Subject: Re: [boost] Interest in a Bloom Filter?
From: Milosz Marian HULBOJ (mhulboj_at_[hidden])
Date: 2009-06-15 07:21:29


Dean Michael Berris wrote:
> Hi Milosz,
>
> On Mon, Jun 15, 2009 at 2:49 PM, Milosz Marian HULBOJ<mhulboj_at_[hidden]> wrote:
>> - It would be nice to have the option of using `double-hashing' schema,
>> where all the hashes are generated according to:
>> hash(i) = h1(x) + i*h2(x)
>> or the squared/cubed variant:
>> hash(i) = h1(x) + i*h2(x) + i*i (*i)
>>
>
> This is interesting. I'd think this would have to be implemented by
> the user of the bloom_filter in the HashFunctions template parameter.
>
>> - one hash value can be potentially used to generate many hash values. For
>> example, if you need 16-bit hashes, then from the hash function producing
>> 32-bit hash-value you could get 2 values.
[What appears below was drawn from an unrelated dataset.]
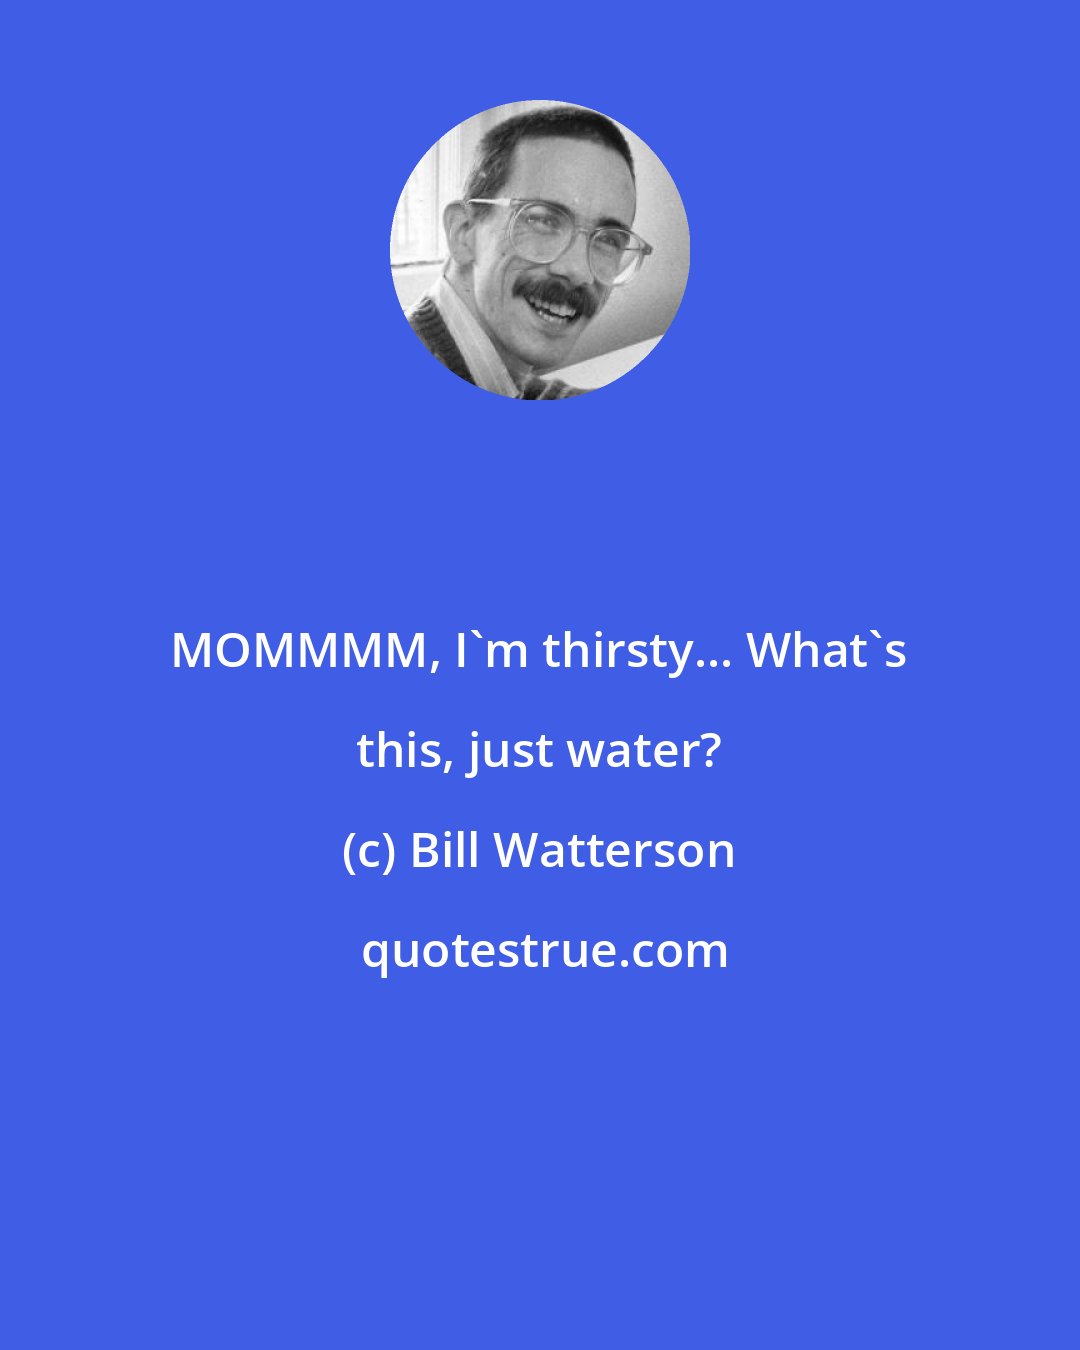 Bill Watterson: MOMMMM, I'm thirsty... What's this, just water?

This can be in turn combined with
>> the previous point - double hashing.

Hi Dean,

The bottom line of the two points above is that in order to hash for the
bloom filter (in the double-hashing schema) one only needs to:
- invoke hash function once
- split the bits and do few multiplications and additions
Still I didn't have time to look into yours implementation to see
whether the above can be used seamlessly.

There are also variants of double hashing to be more cache-line
friendly, but personally the idea presented above was sufficient for my
needs (for the hashing functions I've been using the TR1 hash and murmur
hash).

Regards,
Milosz